Hannah bulunmuştı ve güvendeydi.Yani buradaki işim bitmişti ama sonra Jessy, Lia'nın Duskwood'a geleceği haberini almıştı.Ve onun için bir parti hazırlamak istemişti.Heyecanlanmamıştım,sonunda onunla yüz yüze tanışmak istiyordum.Hannah ile de bir an önce tanışmak istemiştim.Onun güvenliği için, bunu yapmayı erteledim ve Jessy, Lia Aurora'ya gelmeden bir saat önce bir araya gelebileceğimizi söyledi.Hannah ve ben yetişebilirdik.

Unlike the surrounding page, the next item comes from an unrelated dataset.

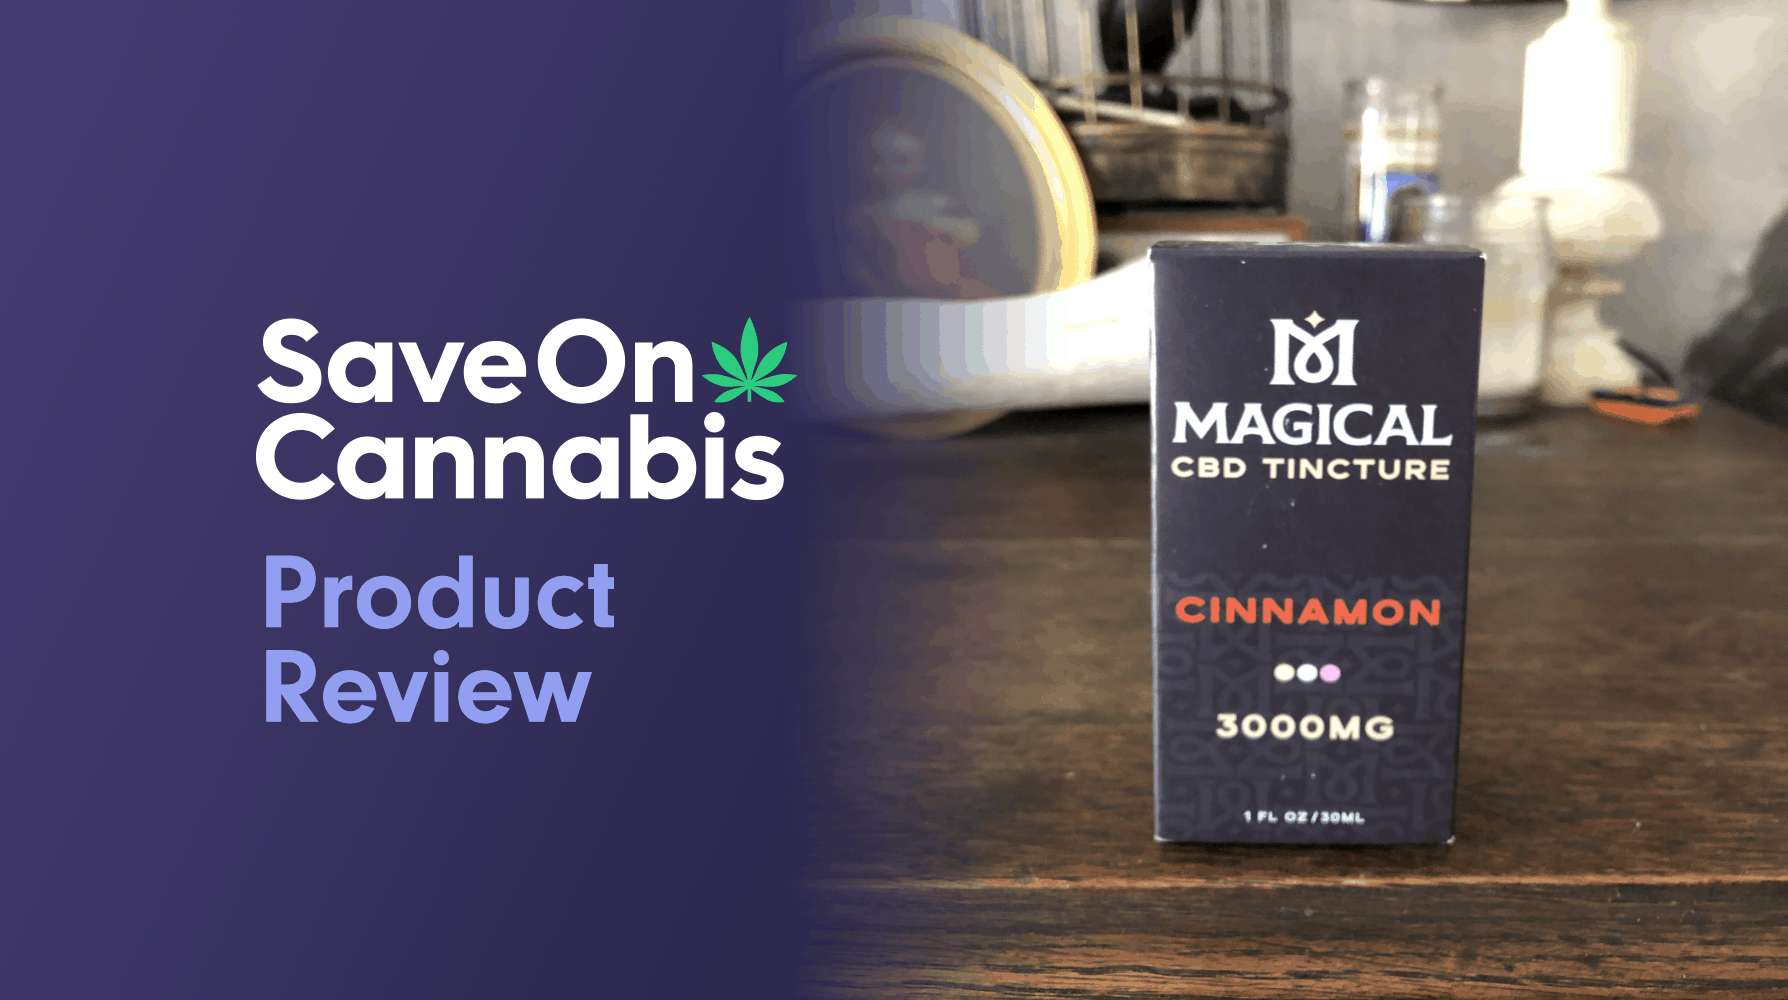 Magical CBD Tincture Cinnamon 3000 mg Review Save On Cannabis Review Website

Plâna Phil dahil olana kadar karşı değildim.Tanrım,neden dünyadaki milyonlarca insan içinden o Lia'yı oyalamak için seçiliyor?Başka birisi olamaz mıydı yani?

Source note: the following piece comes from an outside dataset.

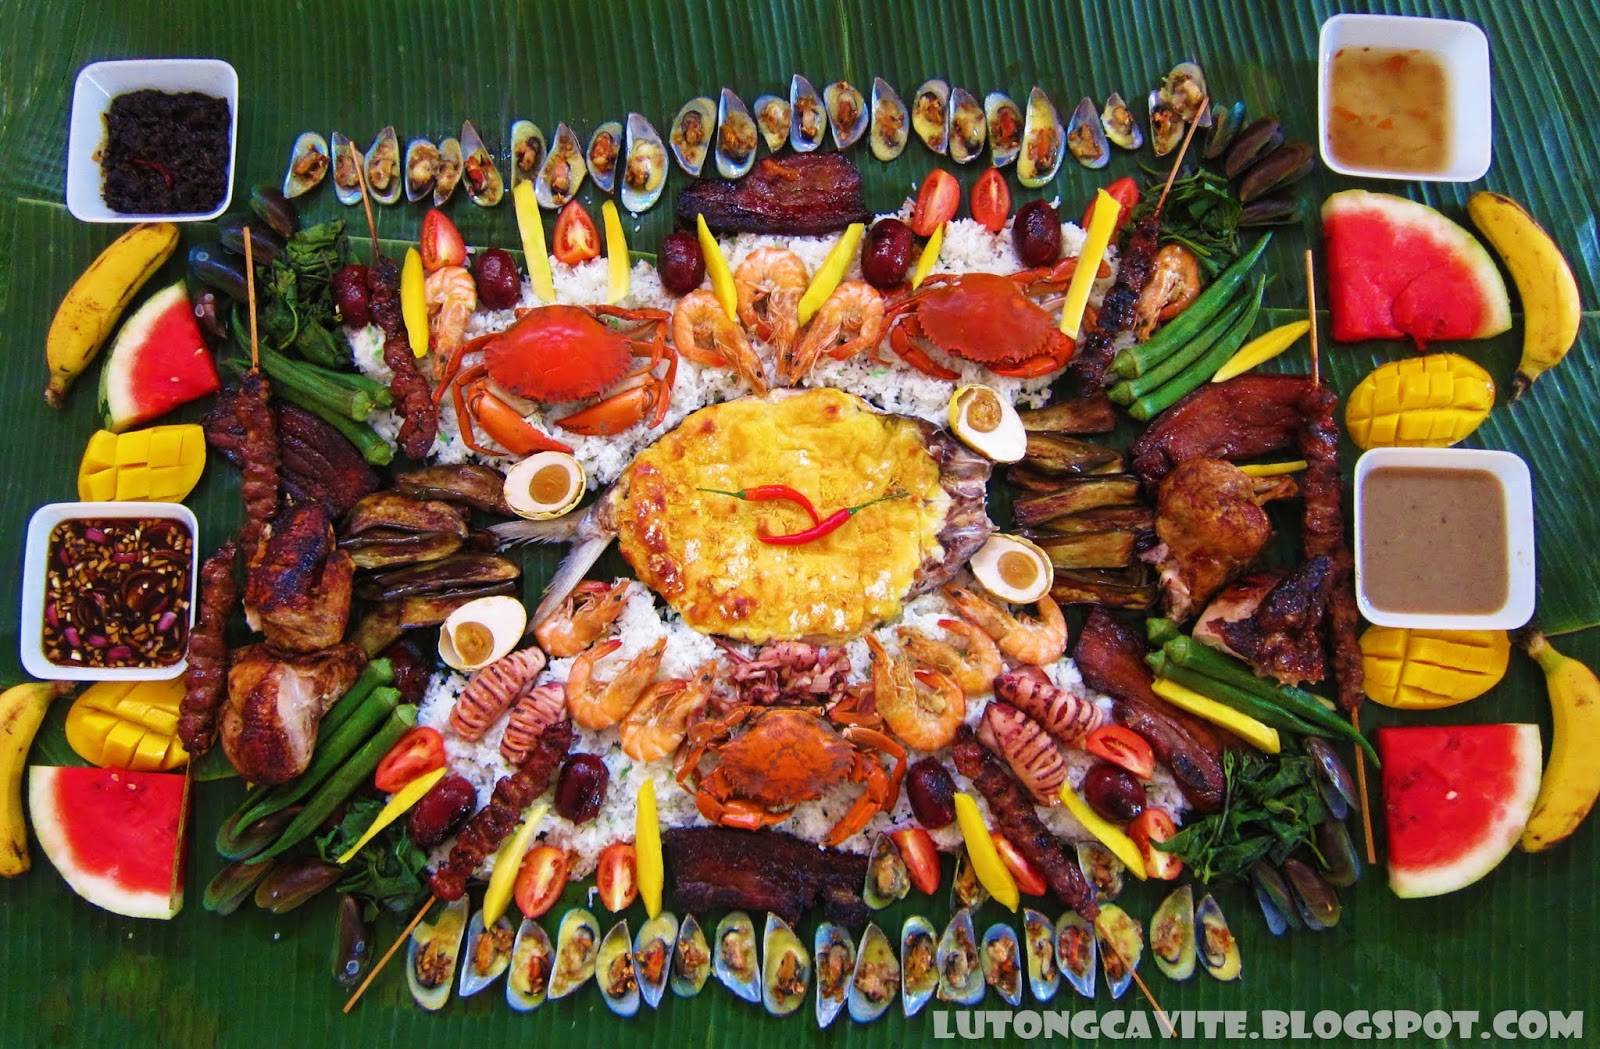 Lutong Cavite : Boodle Fight

"Ben tekerlekli sandalyedeyim." Dedi Dan.

"Benim de saat altıya kadar Motelde yapmam gereken işler var." Lily kafasını salladı.

"Deli misin? Hazırlanmalıyım ve partinin mükemmel olduğundan emin olmalıyım!" Jessy çığlık attı.

"Üzgünüm Jake, Hannah'yı yalnız bırakamam,bana ihtiyacı var." diye reddetti Thomas.

"Ve benimde üç tane kek hazırlamam gerekiyor,üç kek Jake.Bunun ne kadar zaman alıcı bir şey olduğunu biliyor musun? Cleo kendini kaybedecek gibi görünüyordu.

Üzgünüm Jake, hala hastanedeyim.Dan beni vurdu,hatırladın mı? Richy mesaj yoluyla özür diledi.

"Pekala, sanırım bu işe uygun olan tek kişi benim," diye sırıttı Phil.Kendini beğenmiş şekilde.

Laptopumu ona fırlatmak istedim.

İster istemez bunu kabul etmek zorundaydım çünkü dürüst olmak gerekirse, Lia'yı gerçekten şaşırtmak istiyordum.Bana her zaman beni tutabilmek ve gerçek hayatta gözlerimin rengini görmek istediğini söylerdi.

Sonra bir şey oldu,bizim göremediğimiz:Lia düşündüğümüzden daha kısa bir zamanda Duskwood'da olacaktı.Aramızdaki mesafelerin eskisinden daha az olduğunu bildiğimden kalbim hızla çarpmaya başladı.Bir saat içinde onu görebilecektim,ona hislerimi bizzat söyleyebilecektim,sarılabilecek ve onu öpebilecektim...

"Görüşürüz ve onun için endişelenme, emin ellerde olacak." dedi Phil kendini beğenmiş şekilde omzumu okşarken.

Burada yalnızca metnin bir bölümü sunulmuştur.